What you should do ->
Could you output each line below precisely as it stands, without the images?

[Dataset section — start]

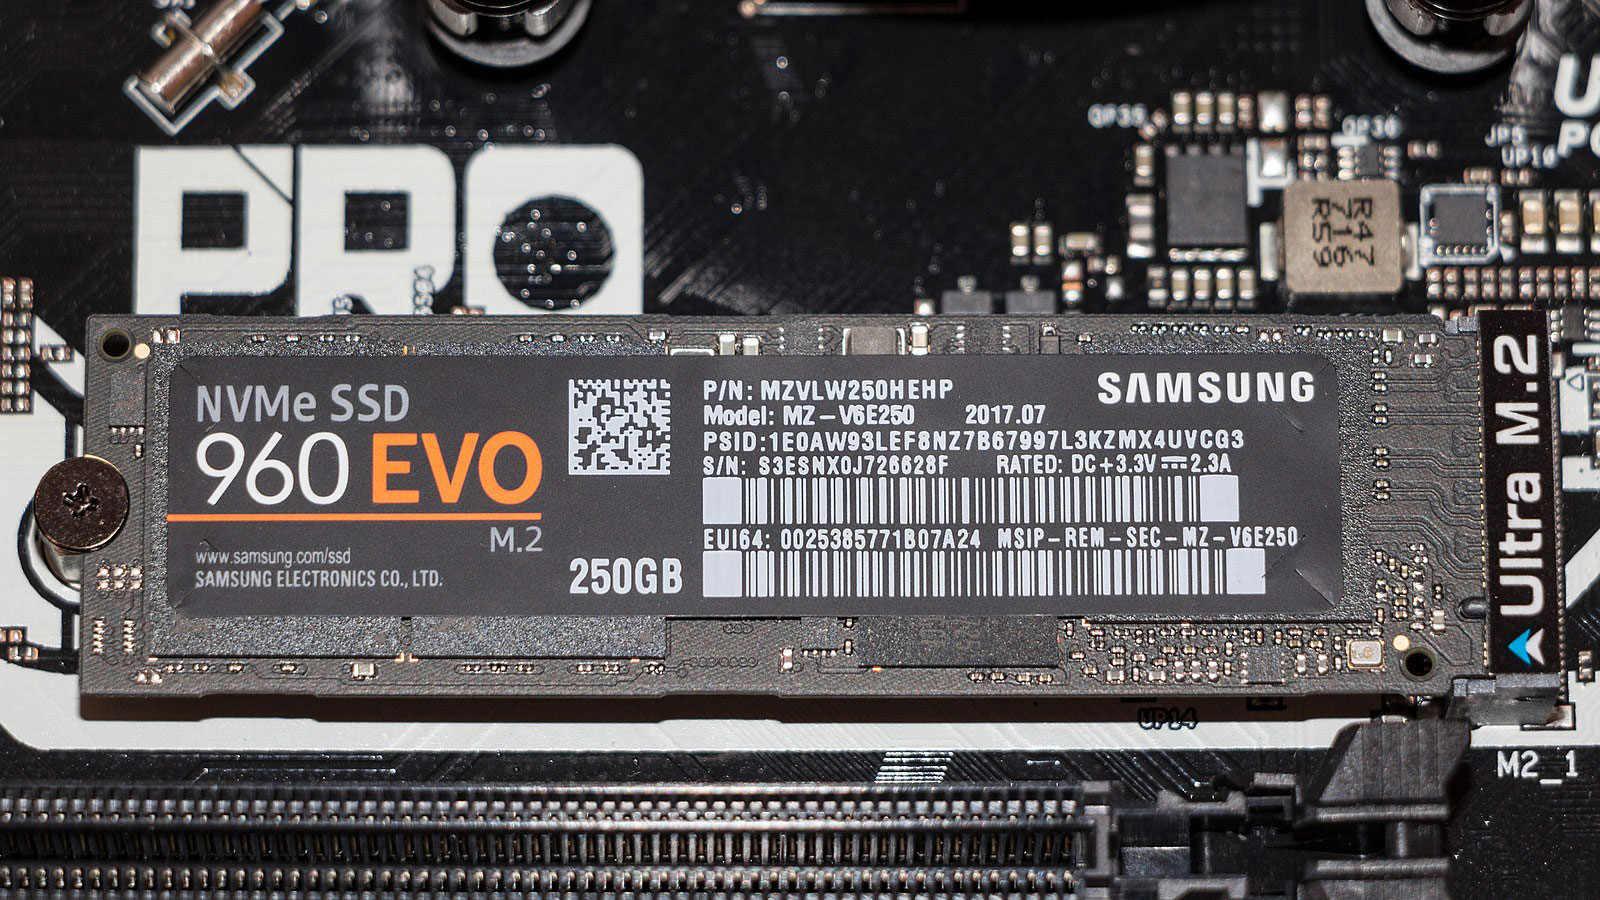 An NVMe M.2 SSD installed in an M.2 slot
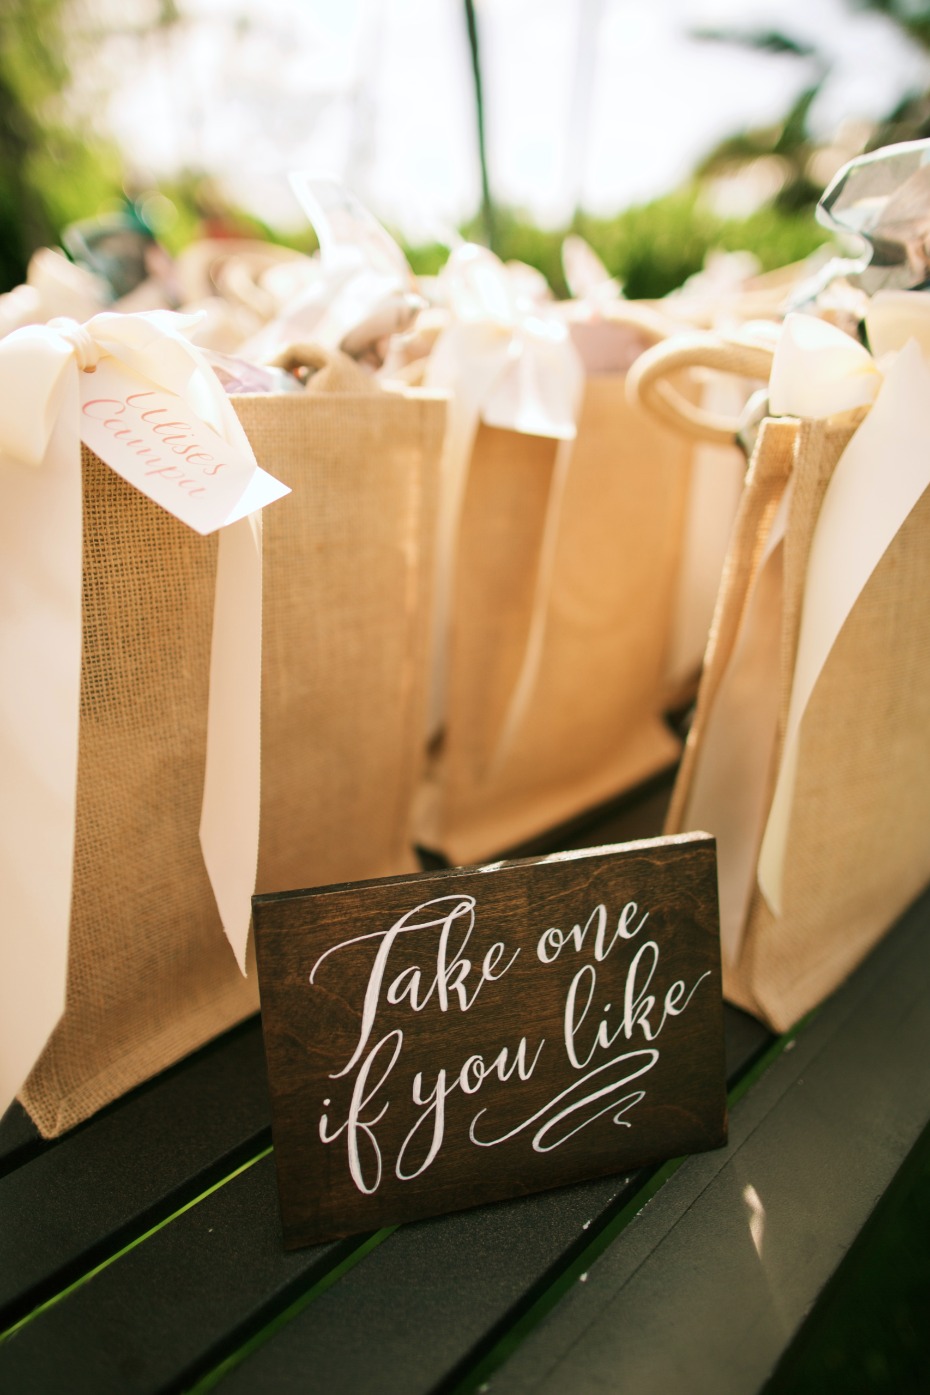 Cute favor bags for guests
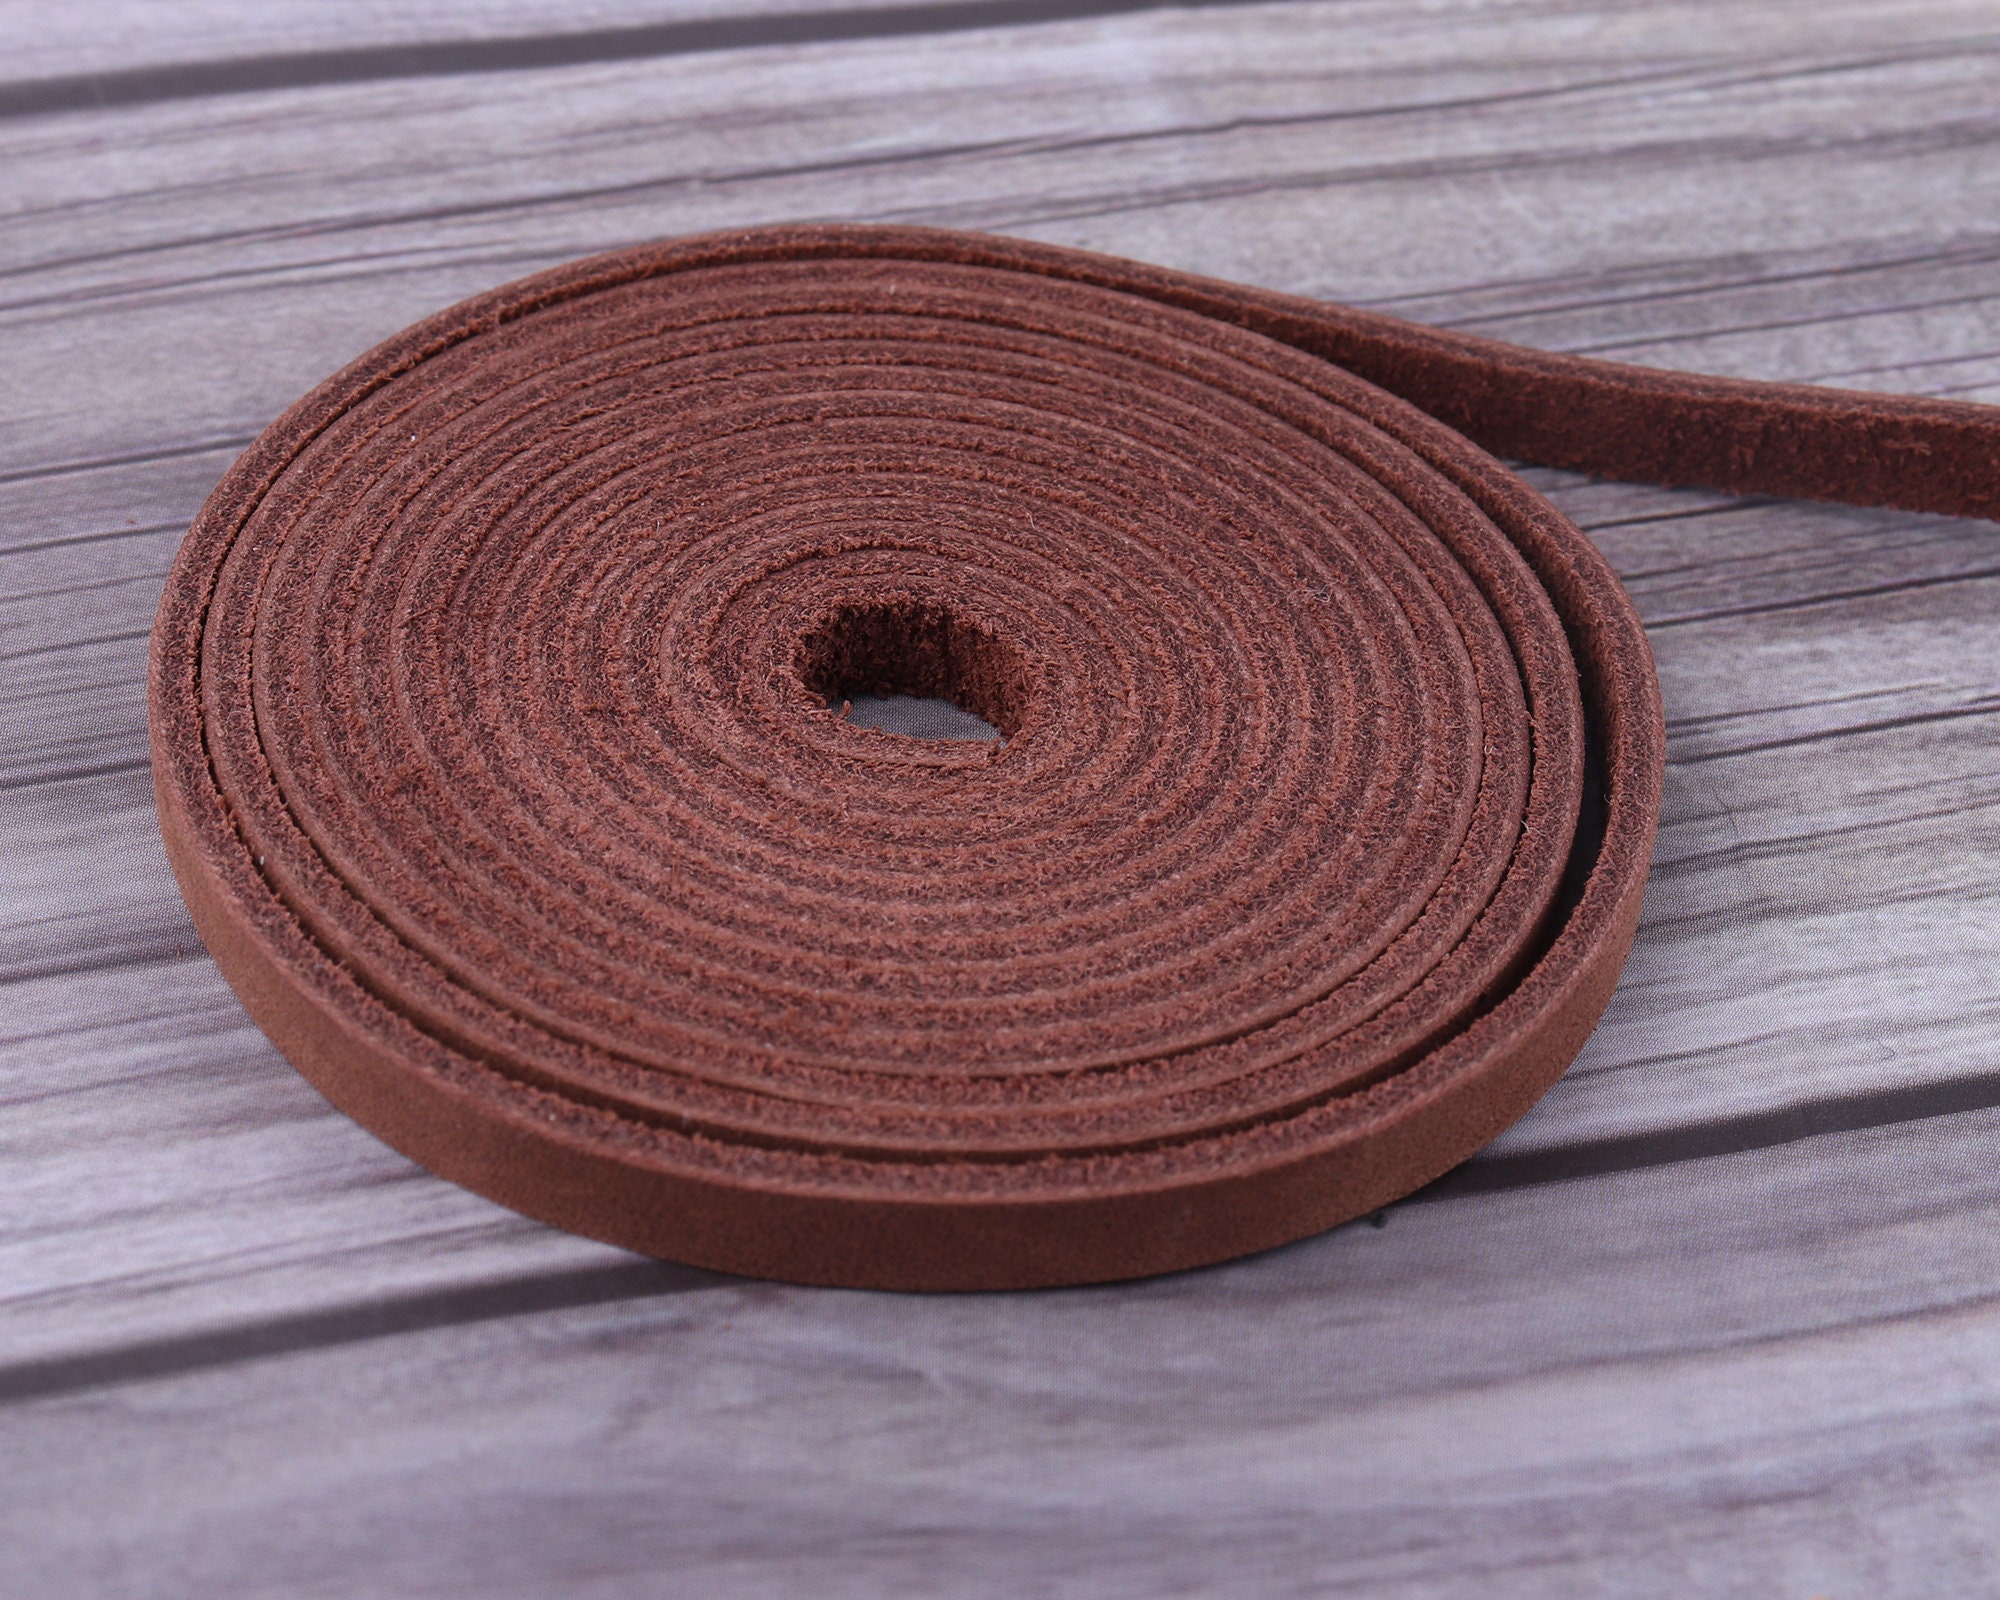 5mm Leather Cord,flat Leather Lace for Bracelet,genuine Leather  Strap,cowhide Leather Strips,leather Supplies,jewelry Making Leather String

[Dataset section — finish]

Output for this exercise ->
 An NVMe M.2 SSD installed in an M.2 slot
 Cute favor bags for guests
 5mm Leather Cord,flat Leather Lace for Bracelet,genuine Leather  Strap,cowhide Leather Strips,leather Supplies,jewelry Making Leather String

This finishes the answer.